[<prev] [next>] [<thread-prev] [thread-next>] [day] [month] [year] [list]
Message-ID: <165516230199.21248.18142980966152036732.stgit@noble.brown>
Date: Tue, 14 Jun 2022 09:18:22 +1000
From: NeilBrown <neilb@...e.de>
To: Al Viro <viro@...iv.linux.org.uk>, Daire Byrne <daire@...g.com>,
Trond Myklebust <trond.myklebust@...merspace.com>,
Chuck Lever <chuck.lever@...cle.com>
Cc: Linux NFS Mailing List <linux-nfs@...r.kernel.org>,
linux-fsdevel@...r.kernel.org, LKML <linux-kernel@...r.kernel.org>
Subject: [PATCH 06/12] VFS: support concurrent renames.
An object can now be renamed from or to a directory in which a create or
unlink is concurrently happening.
Two or more renames with the one directory can also be concurrent.
There is still only one cross-directory rename permitted at a time.
Signed-off-by: NeilBrown <neilb@...e.de>
---
fs/namei.c | 230 ++++++++++++++++++++++++++++++++++++++++++++-----
include/linux/namei.h | 9 ++
2 files changed, 216 insertions(+), 23 deletions(-)

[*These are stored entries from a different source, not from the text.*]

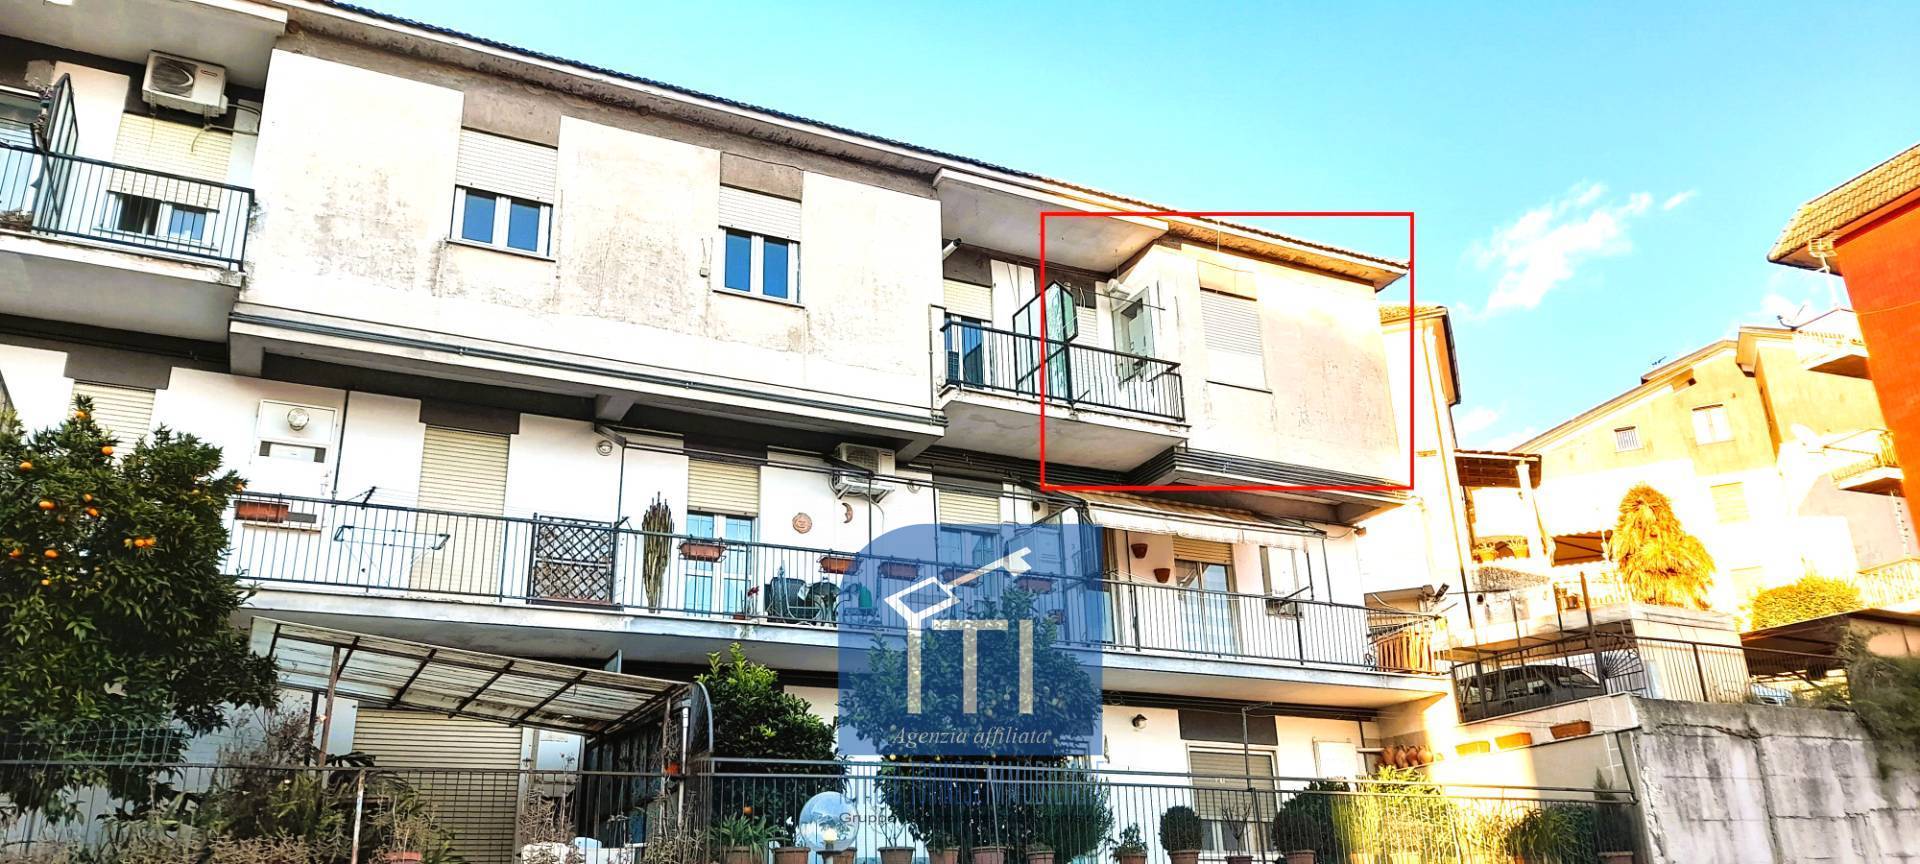 Appartamento in vendita a Sant'Elia Fiumerapido, 6 locali, prezzo € 69.000 | PortaleAgenzieImmobiliari.it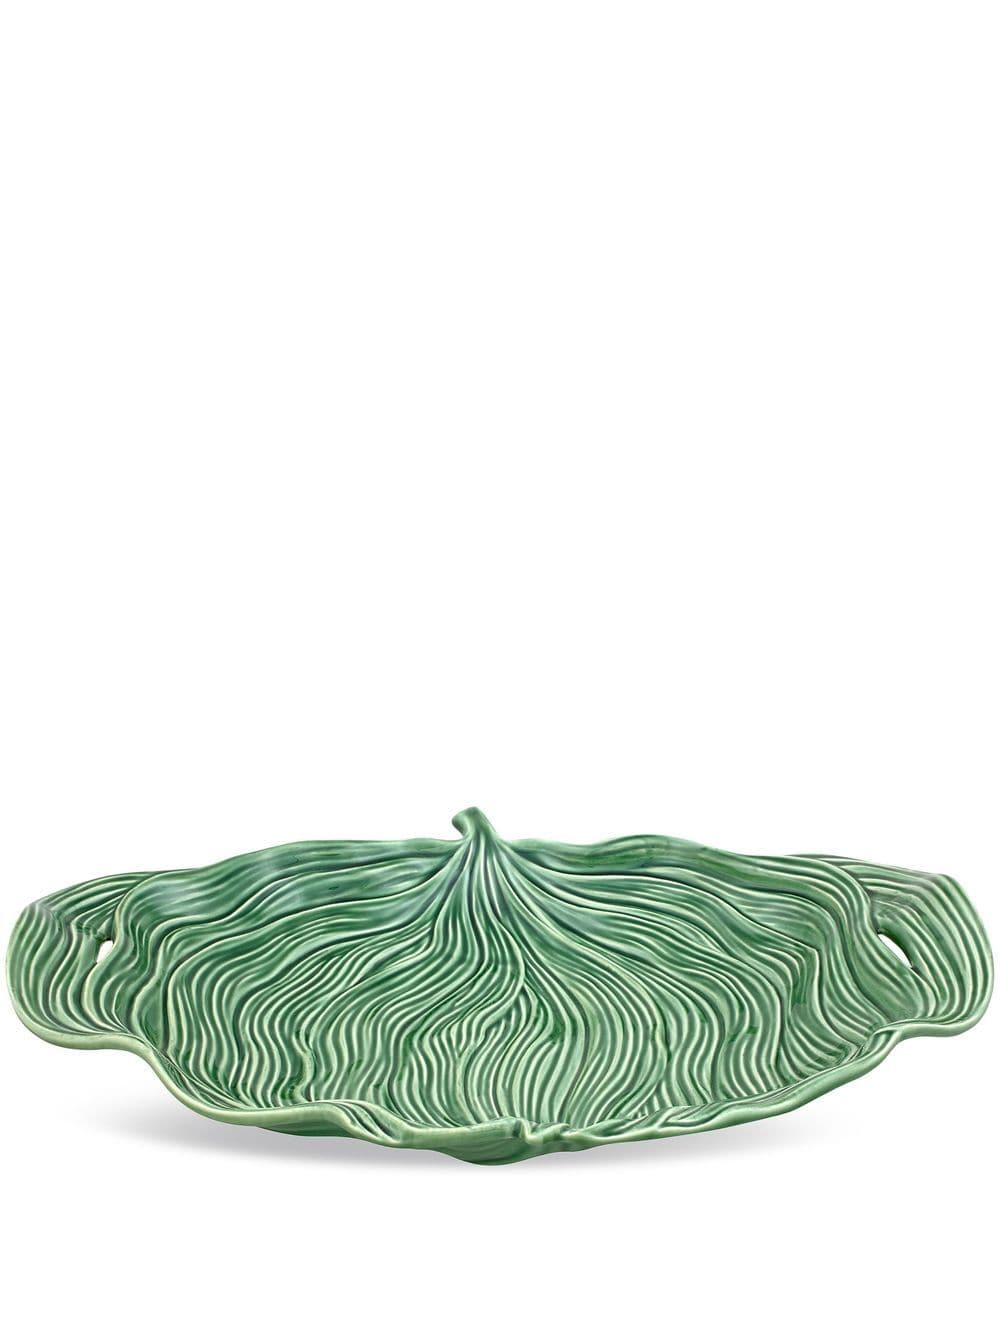 Bordallo Pinheiro 'Folhas' striped platter - Green von Bordallo Pinheiro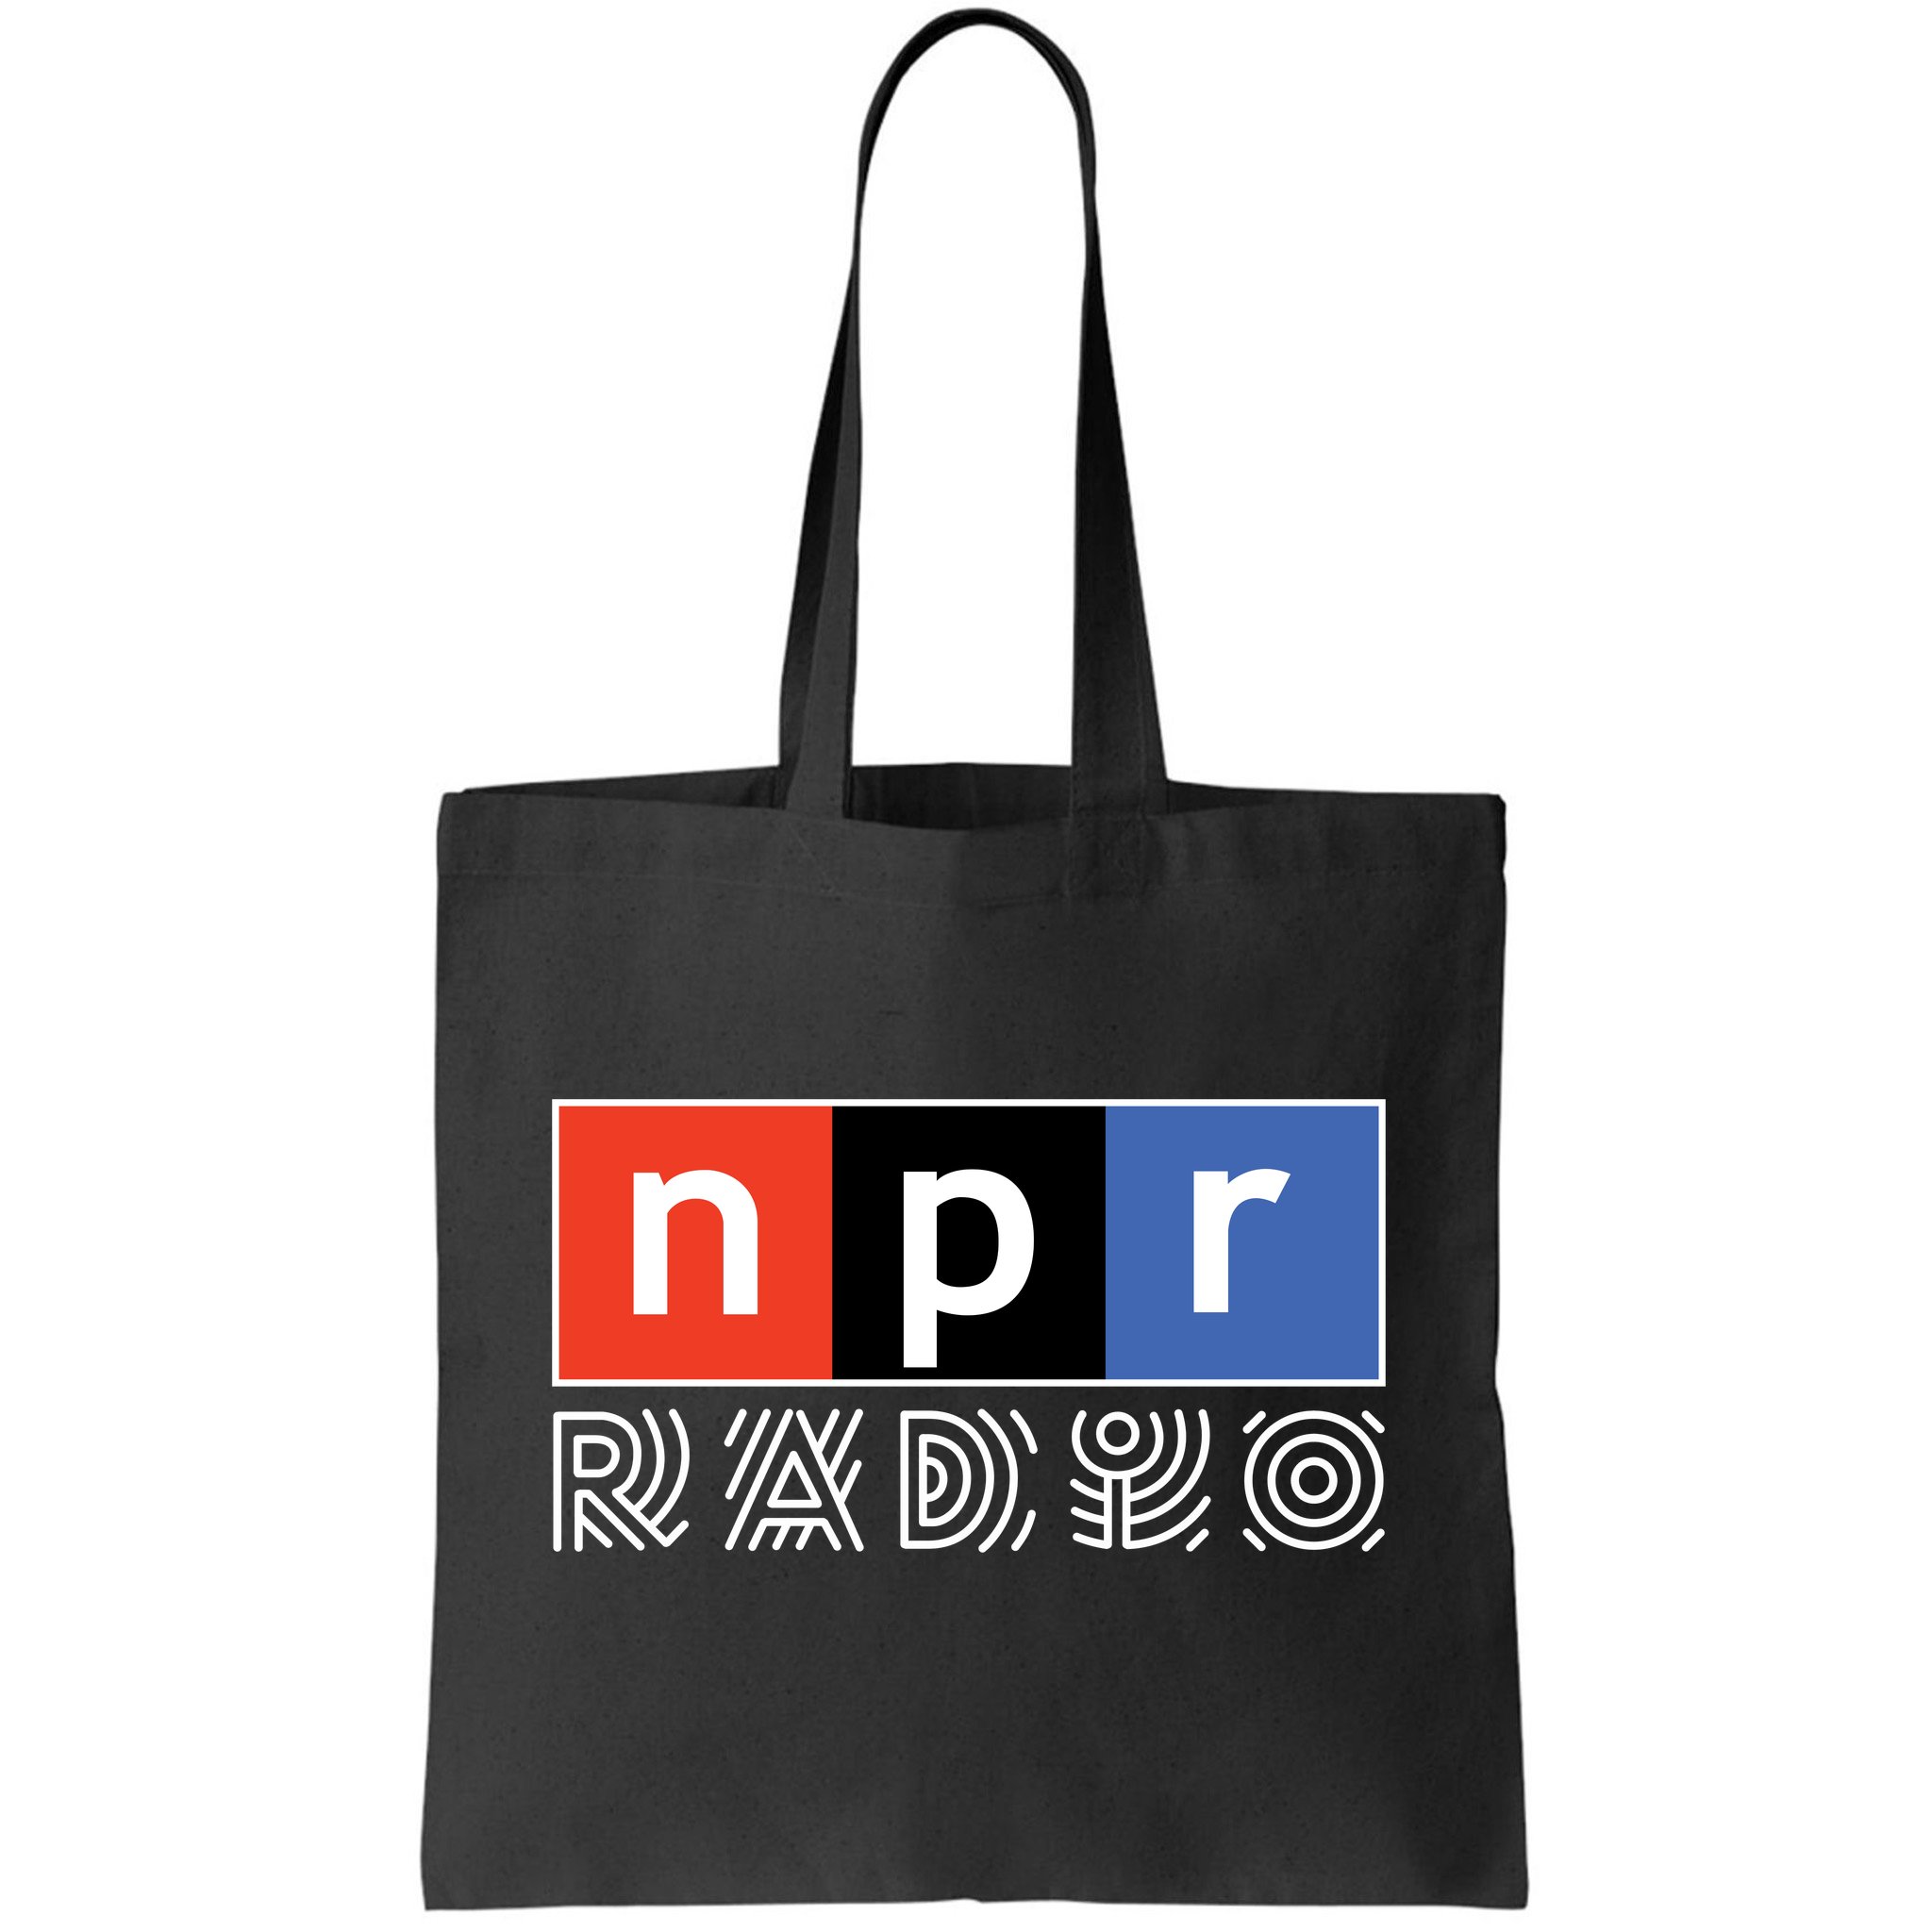 Totes & Bags - NPR Shop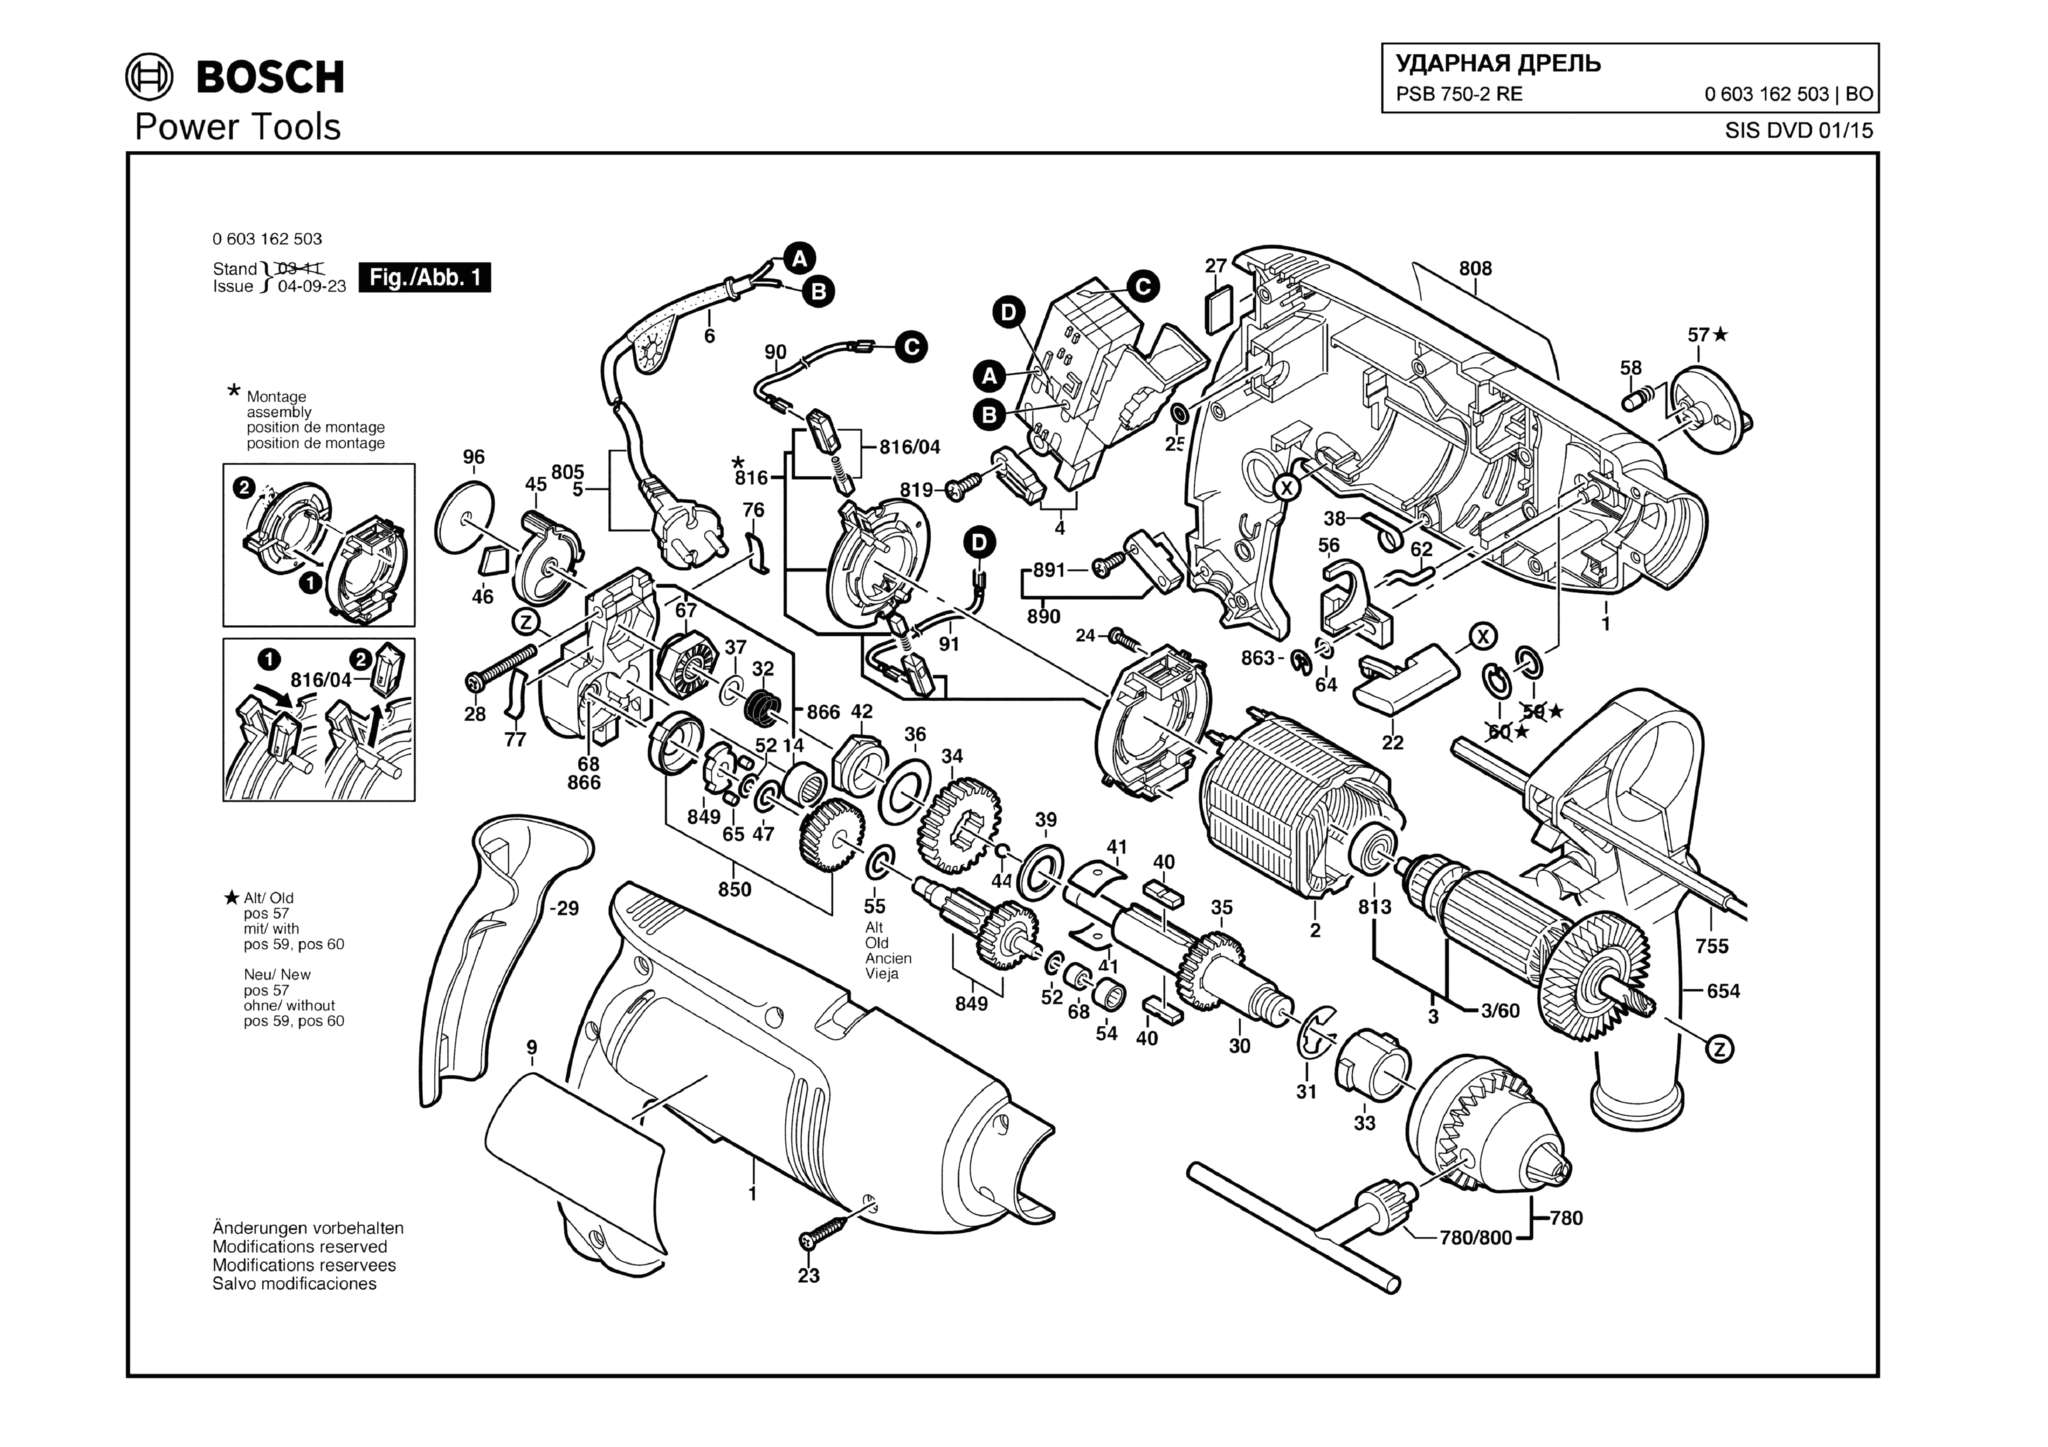 Запчасти, схема и деталировка Bosch PSB 750-2 RE (ТИП 0603162503)

diff --git a/fs/namei.c b/fs/namei.c
index 8ce7aa16b704..31ba4dbedfcf 100644
--- a/fs/namei.c
+++ b/fs/namei.c
@@ -3172,6 +3172,197 @@ void unlock_rename(struct dentry *p1, struct dentry *p2)
}
EXPORT_SYMBOL(unlock_rename);
+struct dentry *lock_rename_lookup_excl(struct dentry *p1, struct dentry *p2,
+ struct dentry **d1p, struct dentry **d2p,
+ struct qstr *last1, struct qstr *last2,
+ unsigned int flags1, unsigned int flags2)
+{
+ struct dentry *p;
+ struct dentry *d1, *d2;
+
+ if (p1 == p2) {
+ inode_lock_nested(p1->d_inode, I_MUTEX_PARENT);
+ d1 = __lookup_hash(last1, p1, flags1, NULL);
+ if (IS_ERR(d1))
+ goto out_unlock_1;
+ d2 = __lookup_hash(last2, p2, flags2, NULL);
+ if (IS_ERR(d2))
+ goto out_unlock_2;
+ *d1p = d1; *d2p = d2;
+ return NULL;
+ out_unlock_2:
+ dput(d1);
+ d1 = d2;
+ out_unlock_1:
+ inode_unlock(p1->d_inode);
+ return d1;
+ }
+
+ mutex_lock(&p1->d_sb->s_vfs_rename_mutex);
+
+ if ((p = d_ancestor(p2, p1)) != NULL) {
+ inode_lock_nested(p2->d_inode, I_MUTEX_PARENT);
+ inode_lock_nested(p1->d_inode, I_MUTEX_CHILD);
+ } else if ((p = d_ancestor(p1, p2)) != NULL) {
+ inode_lock_nested(p1->d_inode, I_MUTEX_PARENT);
+ inode_lock_nested(p2->d_inode, I_MUTEX_CHILD);
+ } else {
+ inode_lock_nested(p1->d_inode, I_MUTEX_PARENT);
+ inode_lock_nested(p2->d_inode, I_MUTEX_PARENT2);
+ }
+ d1 = __lookup_hash(last1, p1, flags1, NULL);
+ if (IS_ERR(d1))
+ goto unlock_out_3;
+ d2 = __lookup_hash(last2, p2, flags2, NULL);
+ if (IS_ERR(d2))
+ goto unlock_out_4;
+
+ *d1p = d1;
+ *d2p = d2;
+ return p;
+unlock_out_4:
+ dput(d1);
+ d1 = d2;
+unlock_out_3:
+ inode_unlock(p1->d_inode);
+ inode_unlock(p2->d_inode);
+ mutex_unlock(&p1->d_sb->s_vfs_rename_mutex);
+ return d1;
+}
+
+static struct dentry *lock_rename_lookup(struct dentry *p1, struct dentry *p2,
+ struct dentry **d1p, struct dentry **d2p,
+ struct qstr *last1, struct qstr *last2,
+ unsigned int flags1, unsigned int flags2,
+ wait_queue_head_t *wq)
+{
+ struct dentry *p;
+ struct dentry *d1, *d2;
+ bool ok1, ok2;
+
+ if (!wq || (p1->d_inode->i_flags & S_PAR_UPDATE) == 0)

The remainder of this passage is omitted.